“Stand By Your Man.” “Your Good Girl’s Gonna Go Bad.” “D-I-V-O-R-C-E.” Country singer Tammy Wynette (1942-1998), who made these songs huge hits, was born Virginia Wynette Pugh 82 years ago today.
Tàmhas is a Scottish Gaelic form of Thomas (Aramaic “twin”). Lavinia Derwent’s children’s stories about slippery talking fish “Tammy Troot” have helped keep Tammy a male nickname for Thomas in Scotland.
In medieval England, Thomasin, a feminine form of Thomas, developed into Tamsin, which remained popular in southwestern England long after disappearing elsewhere.
In 1841, England’s first census found 68 female Tammys, all but one born in southwestern England’s Devon or Cornwall. Though Tammy might also come from Old Testament name Tamar (Hebrew “date palm”), only three of England’s 840 Tamars in 1841 were born in Devon and none in Cornwall, so Tammy was surely from Tamsin there.
In 1850, the first United States census listing all free residents’ names found 79 female Tammys. Checking other records on Ancestry.com, some Tammys were Tamsins, but others, especially in New England, were officially Tamar, Tama or Tamma — the last two perhaps from how Tamar was said in 19th century New England accents.
Many of 1850’s Tammys, though, are “Tammy” everywhere, including on their tombstones.

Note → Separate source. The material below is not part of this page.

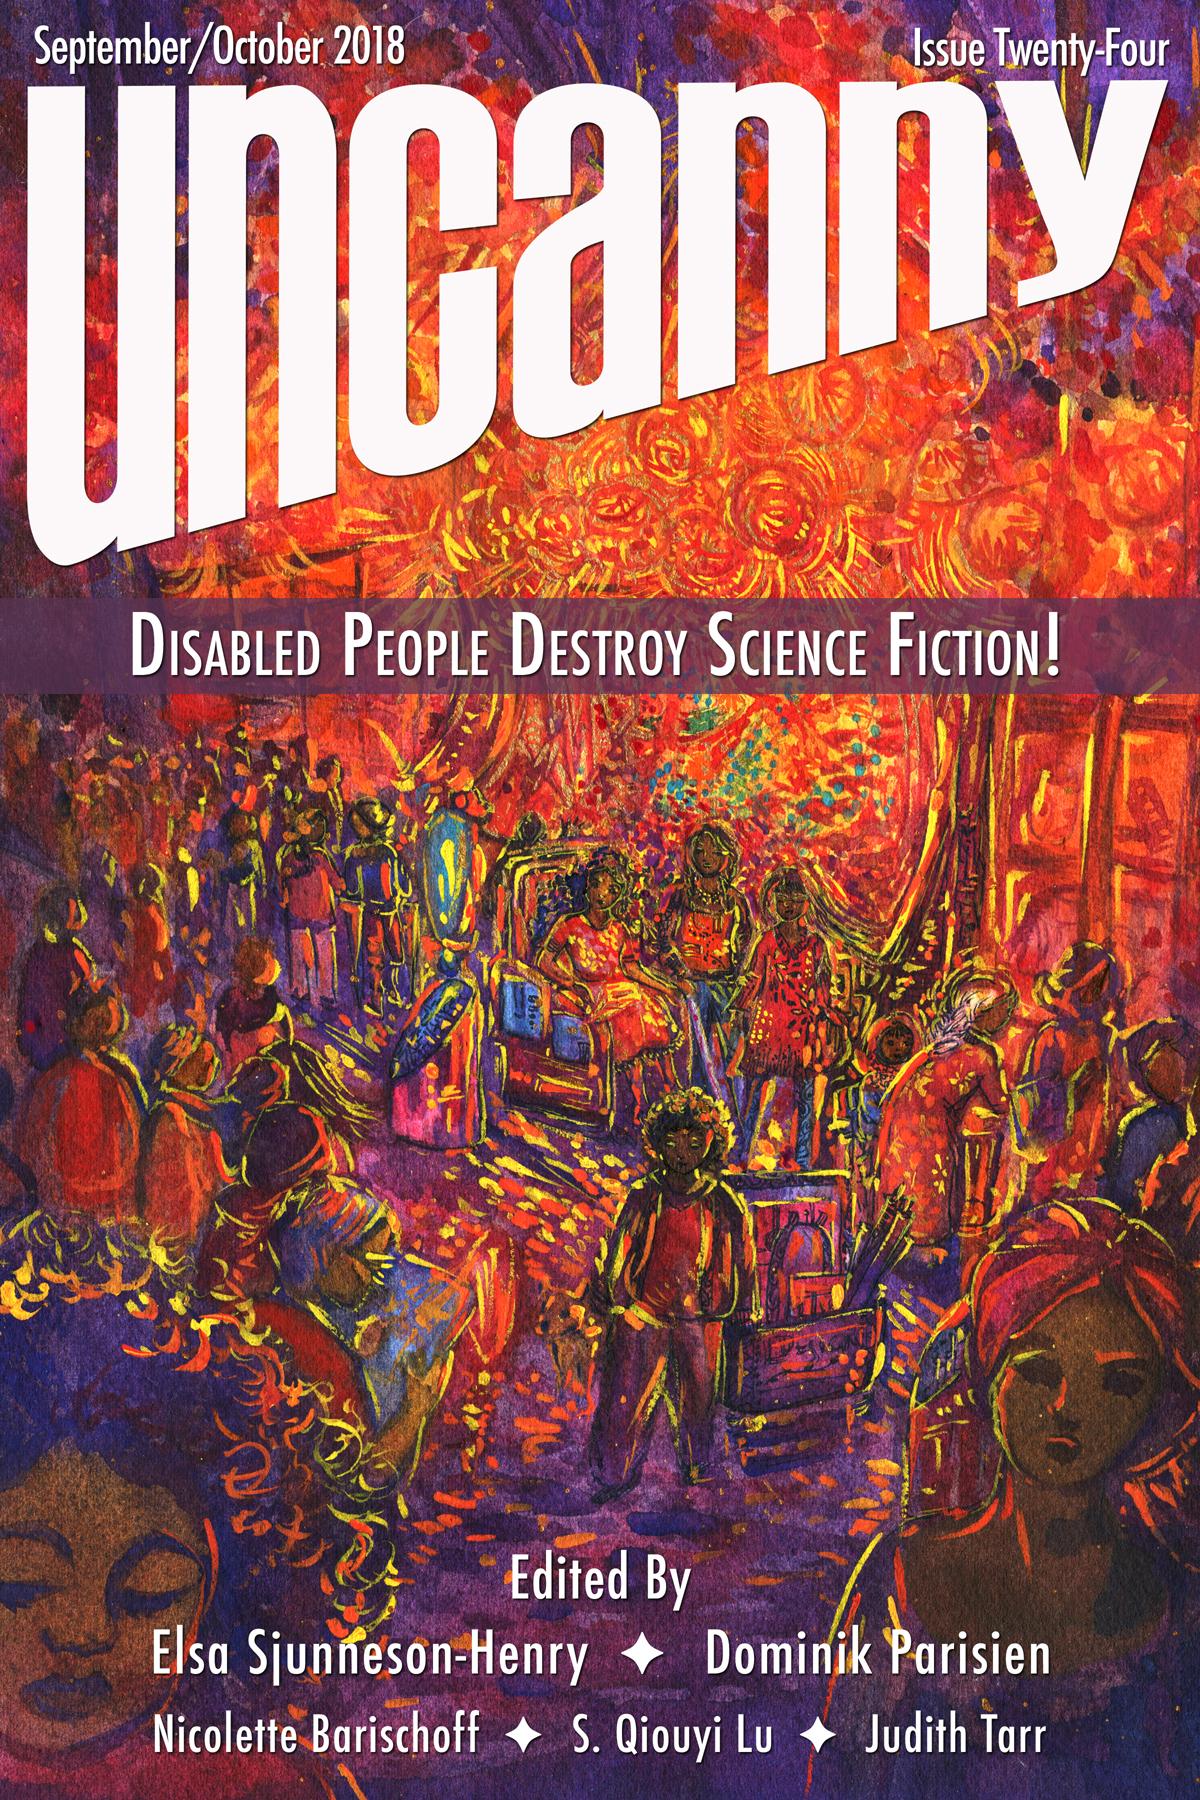 Uncanny Magazine Issue 24: Disabled People Destroy Science Fiction! Special Issue by S. Qiouyi Lu, Dominik Parisien, Judith Tarr, Elsa Sjunneson-Henry, Elsa Sjunneson, Nicolette Barischoff

When Social Security’s baby name data starts in 1880, not even five Tammys a year were being born. In the 1920s Tamara, Slavic version of Tamar, began appearing. Perhaps this brought Tammy back in 1934, when five arrived.
Tammy slowly grew along with Tamara, reaching the top thousand in 1947. Then in 1948, Cid Ricketts Sumner published novel “Tammy Out of Time,” about a rural Mississippi girl falling in love with a professor’s son whose plane crashes nearby.
Tammy says her full name is Tambrey, found in the book “Ladies’ Names and their Significance together with their Floral Emblems,” which says “Tambrey or Ambrey. Significance — immortal. Floral emblem — amaranth.”
In 1852 Sarah Carter published “Lexicon of Ladies’ Names With Their Floral Emblems,” one of the first American name books, which has just such an entry for Ambry — but Tambrey is purely Sumner’s invention.
In 1957 the novel became film “Tammy and the Bachelor” starring Debbie Reynolds. Its theme song, where Tammy’s “heart beats so joyfully, you’d think that he could hear,” was a hit for both Reynolds and the Ames Brothers, whose version was heard during the credits. Soon book and movie sequels appeared.
There were 256 Tammys born in 1956, and 9,987 in 1958 — over 39 times more. Tammy peaked in 1968, when 20,060 arrived, ranking it eighth. When spellings Tammie, Tami, Tammi and Tamie are added in, it ranked fifth. Tamara also took a big jump, though Tammy vaulted over it in popularity.